Dear folks,
Currently I am creating my own environment to create somewhat user friendly RL control experiments for my university project.
For me it is very useful to use a dictionary as an observation space as this is an easy way of managing with the states/observations. However I also like to use action masking. It seems that with the standard example this is pretty difficult. It is really important that I avoid certain actions for certain observations. Not to decrease their probability.
If I use this model example below, in the init function, the FullyConnectedNetwork/TorchFC is made by taking the shape of orig_space['observations']
. When having a Dict observation space this is a Dict object, then the shape is taken somewhere in the FullyConnectedNetwork/TorchFC to initialize the neural network which errors because Dict spaces don’t have a shape. The object obs_space can’t be used because here the action_mask is flattened together with the observation space.

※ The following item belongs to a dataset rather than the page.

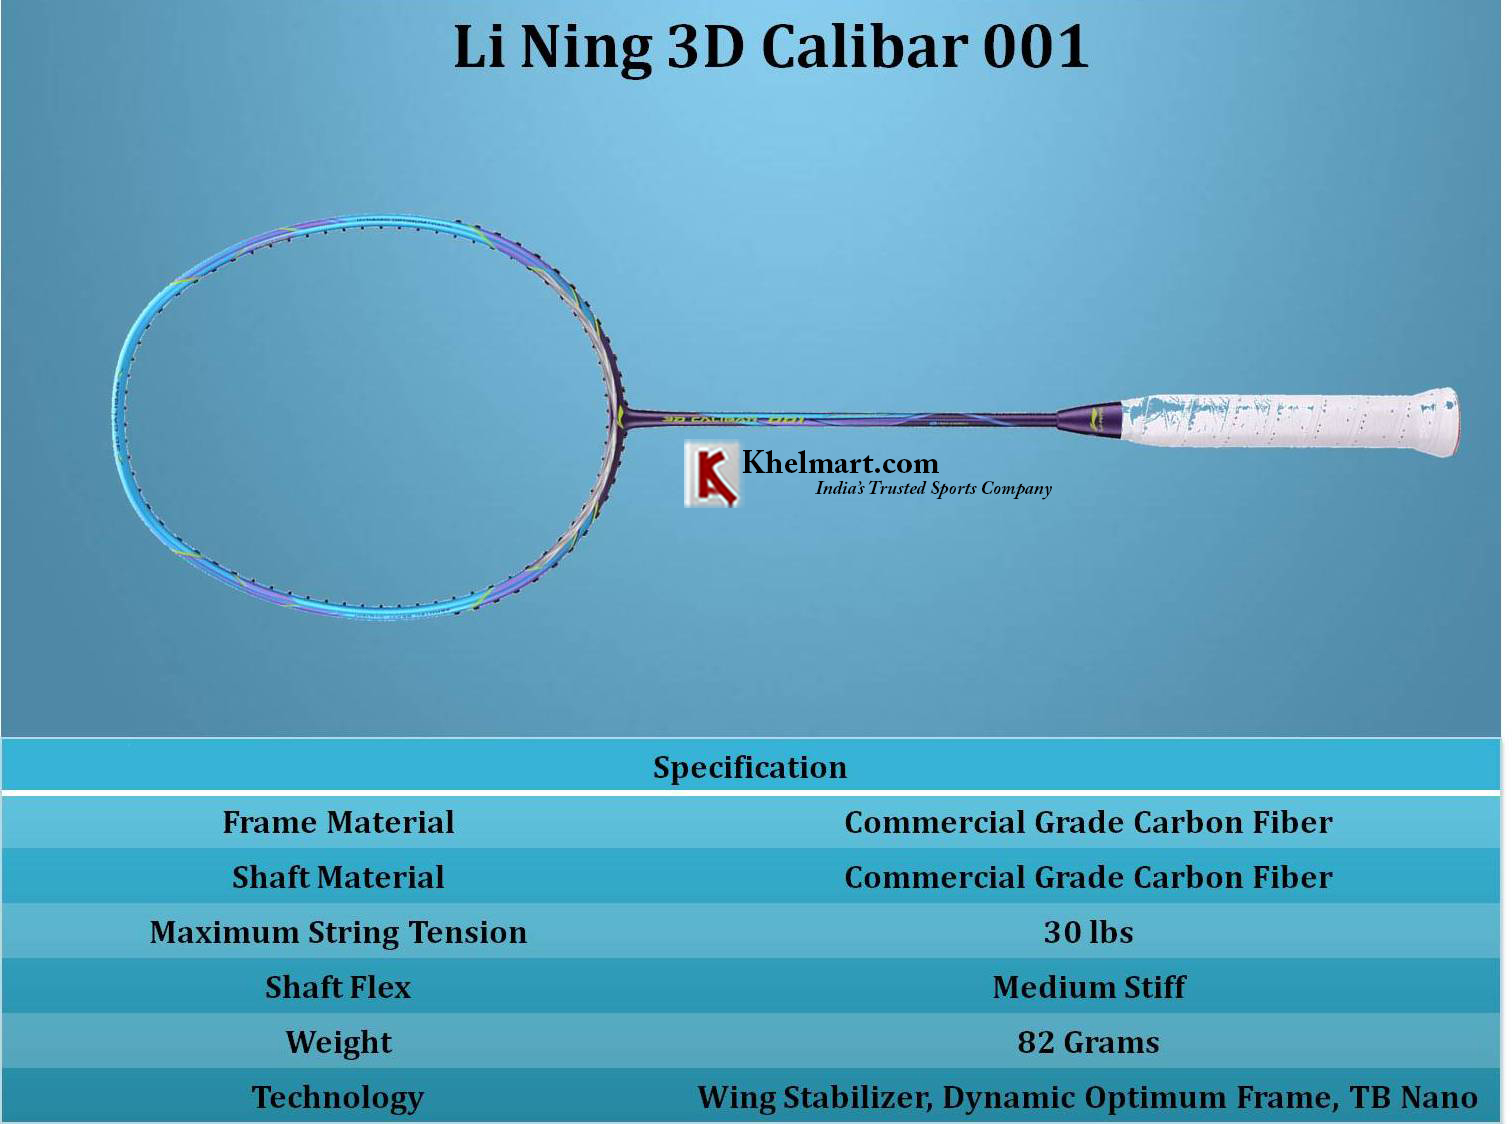 Li_Ning_3D_Calibar_001_Specification_Khemart_1

Secondly, in the forward pass, a dict object is passed each forward pass which is not a format the NN can handle.
For now I solved this by making a Box object in the init with the flattened shape of orig_space[‘observations’] and passing this in the obs_space variable in FullyConnectedNetwork/TorchFC. In the forward pass I turn the given dictionary into a 2d array with on the first dimension the batches. To me this method sounds very hacky and I am unsure if I am over engineering this.
Torch code below, (I use PPO with discrete actions, the action distribution is for now a simple Discrete(21) object.:
from gymnasium.spaces import Dict
from ray.rllib.models.tf.fcnet import FullyConnectedNetwork
from ray.rllib.models.tf.tf_modelv2 import TFModelV2
from ray.rllib.models.torch.torch_modelv2 import TorchModelV2
from ray.rllib.models.torch.fcnet import FullyConnectedNetwork as TorchFC
from ray.rllib.utils.framework import try_import_tf, try_import_torch
from ray.rllib.utils.torch_utils import FLOAT_MIN
from gymnasium.spaces import Box
import numpy as np
tf1, tf, tfv = try_import_tf()
torch, nn = try_import_torch()
def length_of_observation_space(dict_space):
"""
====================================================================================================
Computes the length of the observation space if we would flatten it out.
Input:
dict_space: Dict gym space
output:
flattened_length: length of the flattened space
====================================================================================================
"""
flattened_length = 0
for key in dict_space:
flattened_length += np.prod(dict_space[key].shape)
return flattened_length
class TorchActionMaskModel(TorchModelV2, nn.Module):
"""
====================================================================================================
PyTorch version of above ActionMaskingModel."""
def __init__(
self,
obs_space,
action_space,
num_outputs,
model_config,
name,
**kwargs,
):
orig_space = getattr(obs_space, 'original_space', obs_space)
assert (
isinstance(orig_space, Dict)
and 'action_mask' in orig_space.spaces
and 'observations' in orig_space.spaces
)
TorchModelV2.__init__(
self, obs_space, action_space, num_outputs, model_config, name, **kwargs
)
self.flattened_length = length_of_observation_space(orig_space['observations'])
nn.Module.__init__(self)
self.internal_model = TorchFC(
Box(-np.inf, np.inf, shape=(self.flattened_length,)),
action_space,
num_outputs,
model_config,
name + '_internal',
)
# disable action masking --> will likely lead to invalid actions
self.no_masking = False
if 'no_masking' in model_config['custom_model_config']:
self.no_masking = model_config['custom_model_config']['no_masking']
def forward(self, input_dict, state, seq_lens):
# Extract the available actions tensor from the observation.
action_mask = input_dict['obs']['action_mask']
# flatten the observation space. Note that this is a 2d array. The first dimension is the batch size.
# the dictionary had per key a tensor with over the first dimension the batch size.
# this way of flattening it is correct and I checked that it would retain the batches over the first dimension.
flattened_inputs = torch.cat([t.view(t.shape[0], -1) for t in input_dict['obs']['observations'].values()], dim=1)
# Compute the unmasked logits.
logits, _ = self.internal_model({'obs': flattened_inputs})
# If action masking is disabled, directly return unmasked logits
if self.no_masking:
return logits, state
# Convert action_mask into a [0.0 || -inf]-type mask.
inf_mask = torch.clamp(torch.log(action_mask), min=FLOAT_MIN)
masked_logits = logits + inf_mask
# Return masked logits.
return masked_logits, state
def value_function(self):
return self.internal_model.value_function()
Furthermore, some examples have parametric actions, I always thought this has to do if I have a slightly more difficult action space, for example Tuple(Discrete(n), Discrete(n)) due to the ‘avail_actions’ key, however I keep being unsure about this as the documentation is not very clear about it. It would be amazing if someone can elaborate that further.
To sum up the two questions:
- Did I properly use action masking?
- What is the ‘avail_actions’ key exactly used for?
Thanks in advance,
Chris